A new IDC survey on the understanding of threat intelligence found that while most businesses intend to use some form of threat intelligence product and service – a service that understands the threats and tools and techniques an adversary may use - many are hampered by major challenges  around performance and response times (75%), training and expertise (59%), and the costs of tools, maintenance and personnel (52%).

The SecureData sponsored survey, Towards Threat Wisdom, found analytics-based issues are also regarded as a significant hurdle. Correlating events (49%) and reducing false positives / negatives (36%) scored surprisingly high, while two thirds of organisations (66%) plan to invest in Big Data analytics engines, but only a quarter are ready to invest in third-party intelligence products or services.

“Threat intelligence is not simply information,” states Duncan Brown, Research Director, IDC. “It is a service delivering a collated and correlated range of data feeds and sources to provide actionable advice to security operations.

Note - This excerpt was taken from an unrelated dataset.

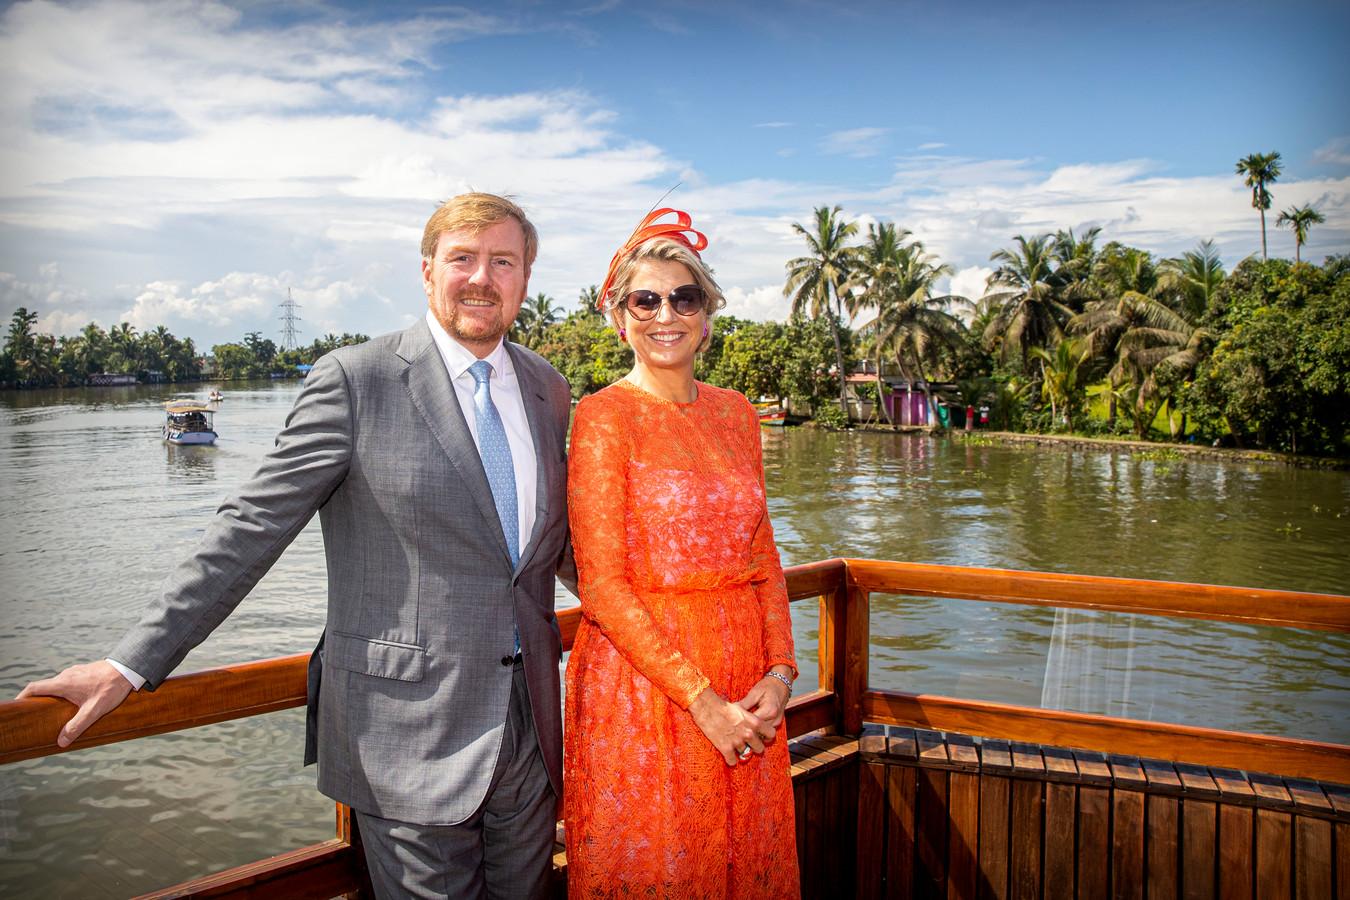 Koning Willem-Alexander en koningin Máxima tijdens het staatsbezoek aan India.
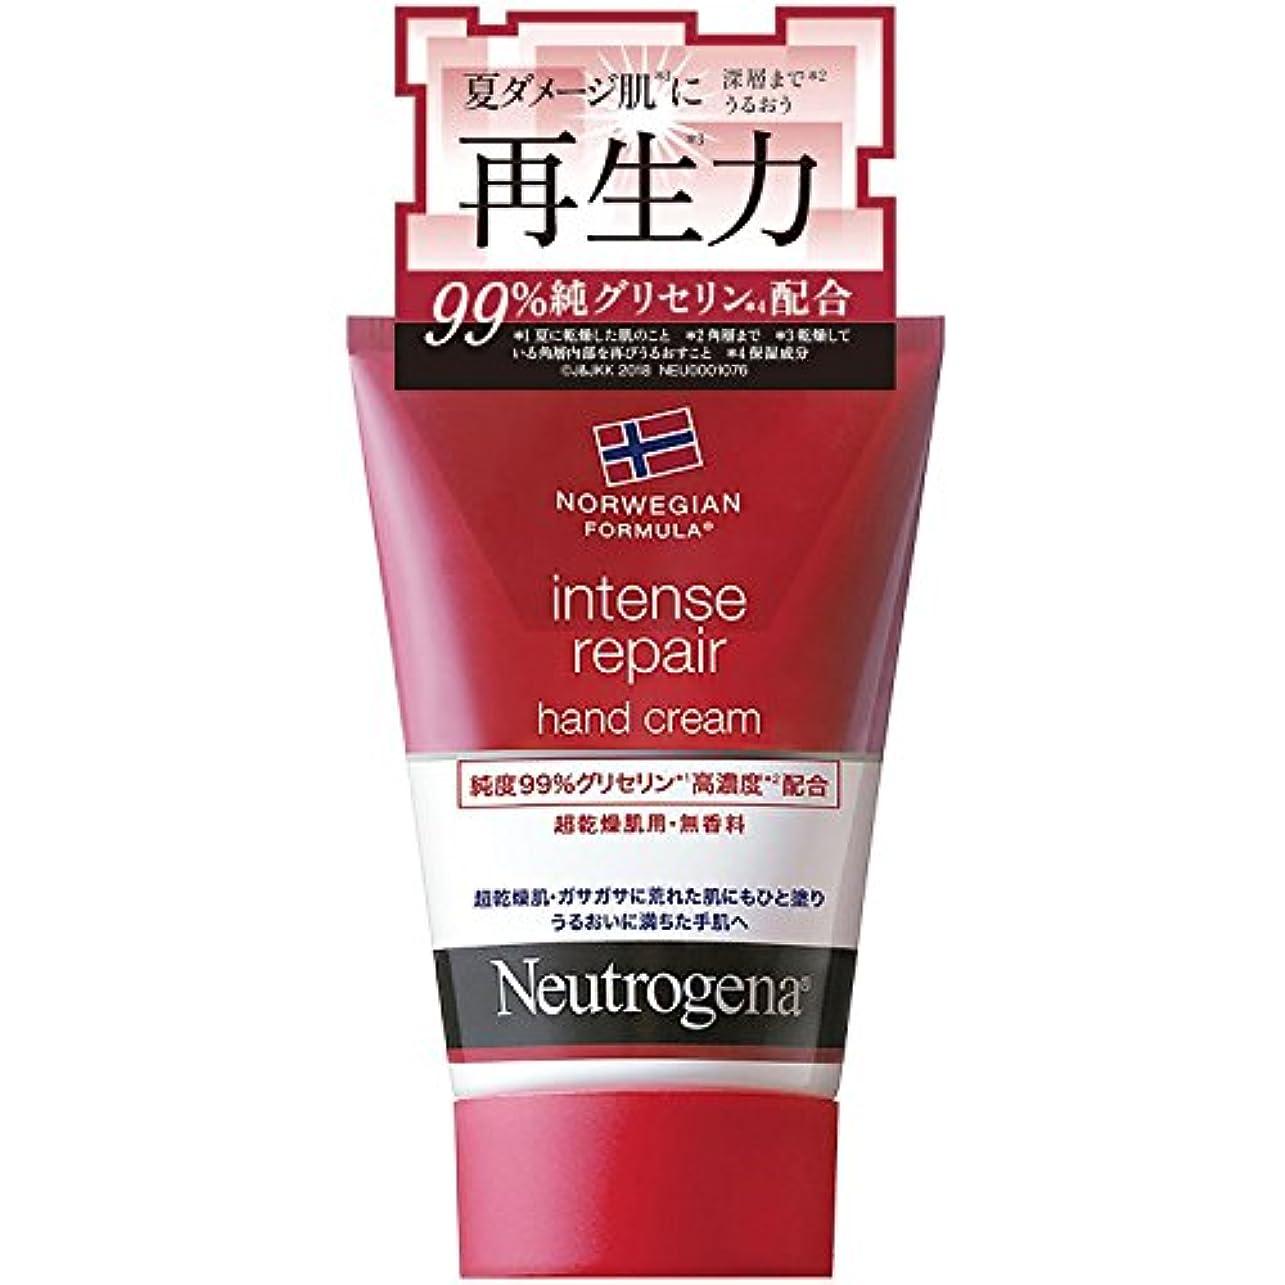 確保するくつろぎ磁気Neutrogena(ニュートロジーナ) ノルウェーフォーミュラ インテンスリペア ハンドクリーム 超乾燥肌用 無香料 単品 50g

Getting this holistic view of security beyond IT is critical to understanding the full context of threat information, but our study suggests firms are taking a somewhat traditional view of intelligence that discounts more innovative developments.”

Crucially, although many organisations collect a substantial amount of information across their IT security infrastructure, they are failing to integrate this with their threat intelligence platform:

  • Less than 60% of respondents integrate data from their firewall or UTM devices
  • Just under half (47%) of the 86% of organisations using an MDM to manage mobile devices integrate the data with their threat intelligence platform
  • Only 34% of firms correlate external data such as threats or attacks on peer companies with their Threat Intelligence platform

Etienne Greeff, CEO of survey sponsors SecureData said “IDC’s findings suggest Chief Information Security Officers are not considering the wider context in which their business operates, either from a physical security and application security perspective, or from a broader industry viewpoint.” Adding, “Nevertheless, the fact they recognise the importance of increased context and intend to invest in such insight as a priority is encouraging as it will enable them to adopt an offensive security posture ­ one that mitigates the ever-expanding attack surface and better protects their infrastructure, applications and valuable information assets."